From: Josh Law <objecting@objecting.org>
To: Masami Hiramatsu <mhiramat@kernel.org>,
Andrew Morton <akpm@linux-foundation.org>
Cc: Steven Rostedt <rostedt@goodmis.org>,
linux-kernel@vger.kernel.org, linux-trace-kernel@vger.kernel.org,
Josh Law <objecting@objecting.org>
Subject: [PATCH v6 00/17] bootconfig: fixes, cleanups, and modernization
Date: Sun, 15 Mar 2026 12:19:58 +0000 [thread overview]
Message-ID: <20260315122015.55965-1-objecting@objecting.org> (raw)
This series addresses a collection of issues found during a review of
lib/bootconfig.c, include/linux/bootconfig.h, and tools/bootconfig,
ranging from off-by-one errors and unchecked return values to coding
style, signedness/type cleanup, and API modernization.
Changes since v5:
- Folded typo fixes, kerneldoc blank line, and inconsistent bracing
patches (v5 02-05, 07) into a single patch (patch 2).

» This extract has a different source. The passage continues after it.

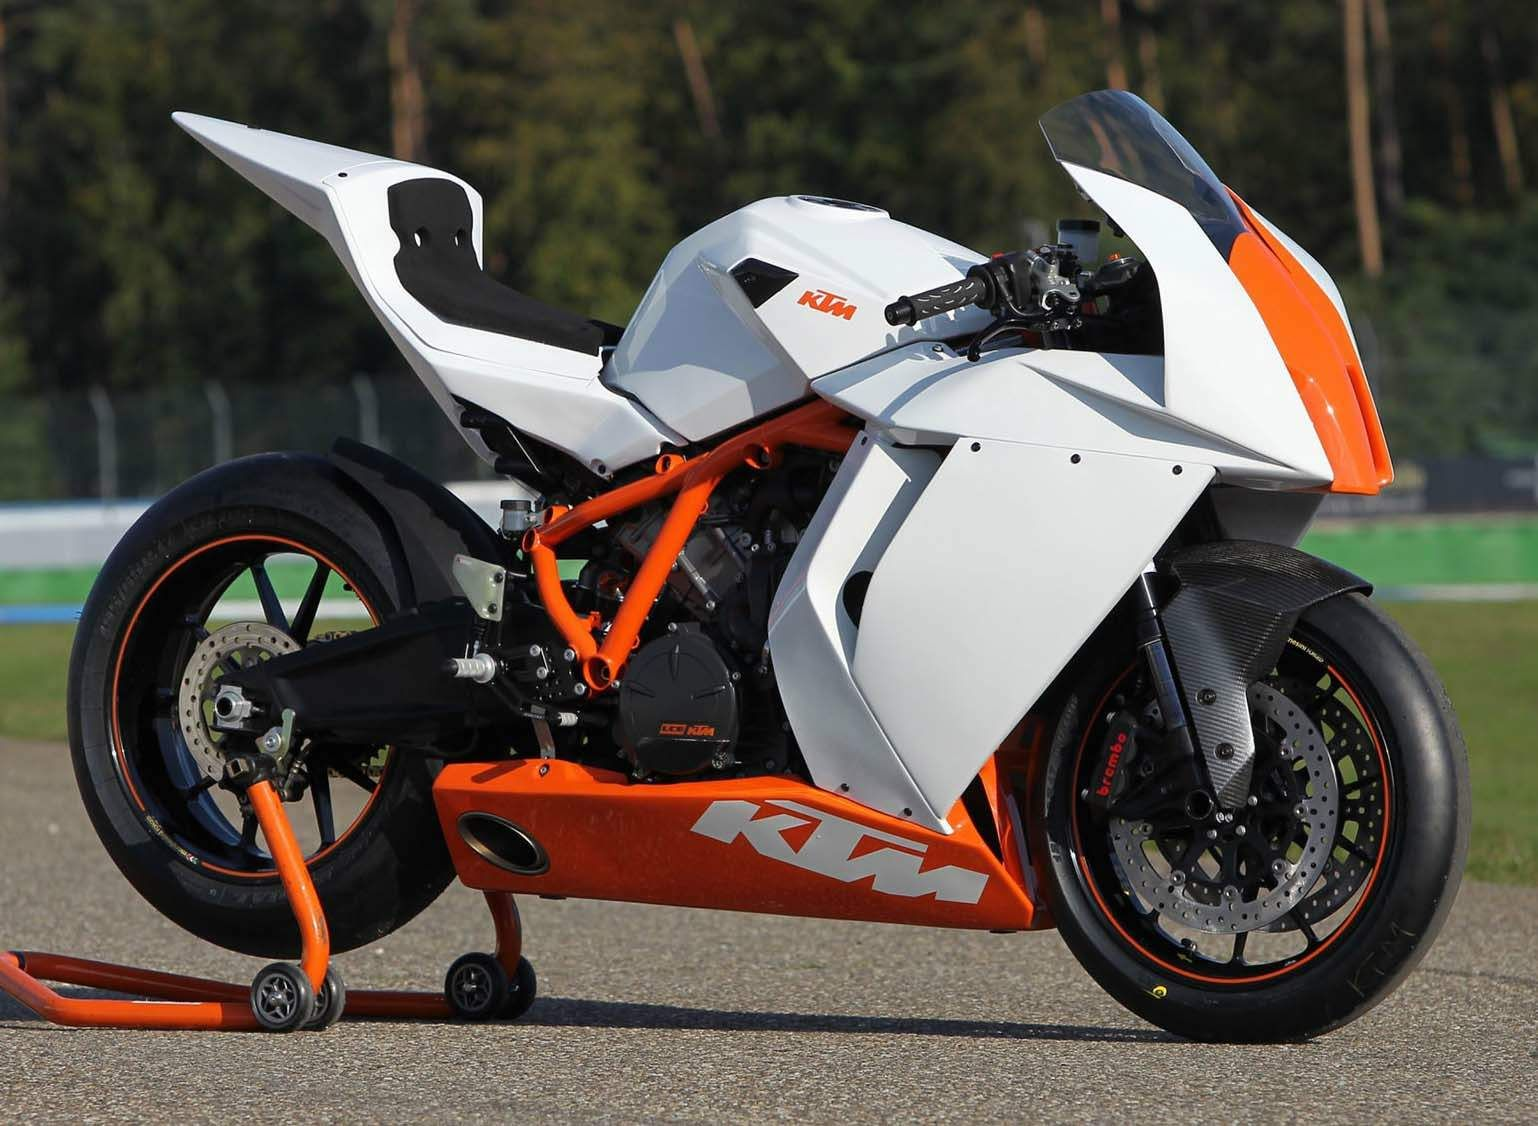 KTM RC8 R Ktm rc8, Ktm, Ktm motorcycles

- Dropped "use __packed macro for struct xbc_node" (v5 11) and
"add __packed definition to tools/bootconfig shim header" (v5 14)
per review feedback.
- Added Fixes: tag to "check xbc_init_node() return in override
path" (patch 10).
- Added Fixes: tag to "fix fd leak in load_xbc_file() on fstat
failure" (patch 11).
Changes since v4:
- Added six follow-up patches found via static analysis with strict
GCC warnings (patches 12-17).
- Added "fix signed comparison in xbc_node_get_data()" -- switch the
masked offset variable to unsigned int and compare against
XBC_DATA_MAX to avoid a signed comparison and make the mask
self-documenting (patch 12).
- Added "use size_t for strlen result in xbc_node_match_prefix()"
and "use size_t for key length tracking in xbc_verify_tree()" to
match strlen() return types (patches 13, 15).
- Added "narrow offset type in xbc_init_node()" -- use a validated
unsigned int temporary for the stored 15-bit data offset
(patch 14).
- Added "fix sign-compare in xbc_node_compose_key_after()" -- cast
the checked snprintf() return when comparing and subtracting
against a size_t buffer length (patch 16).
- Added "change xbc_node_index() return type to uint16_t" -- match
the 16-bit storage fields and XBC_NODE_MAX bounds (patch 17).
Changes since v3:
- Added commit descriptions to all patches that were missing them.
- Added real-world impact statements to all bug-fix patches.
Changes since v2:
- Added "validate child node index in xbc_verify_tree()" (patch 9).
- Added "check xbc_init_node() return in override path" (patch 10).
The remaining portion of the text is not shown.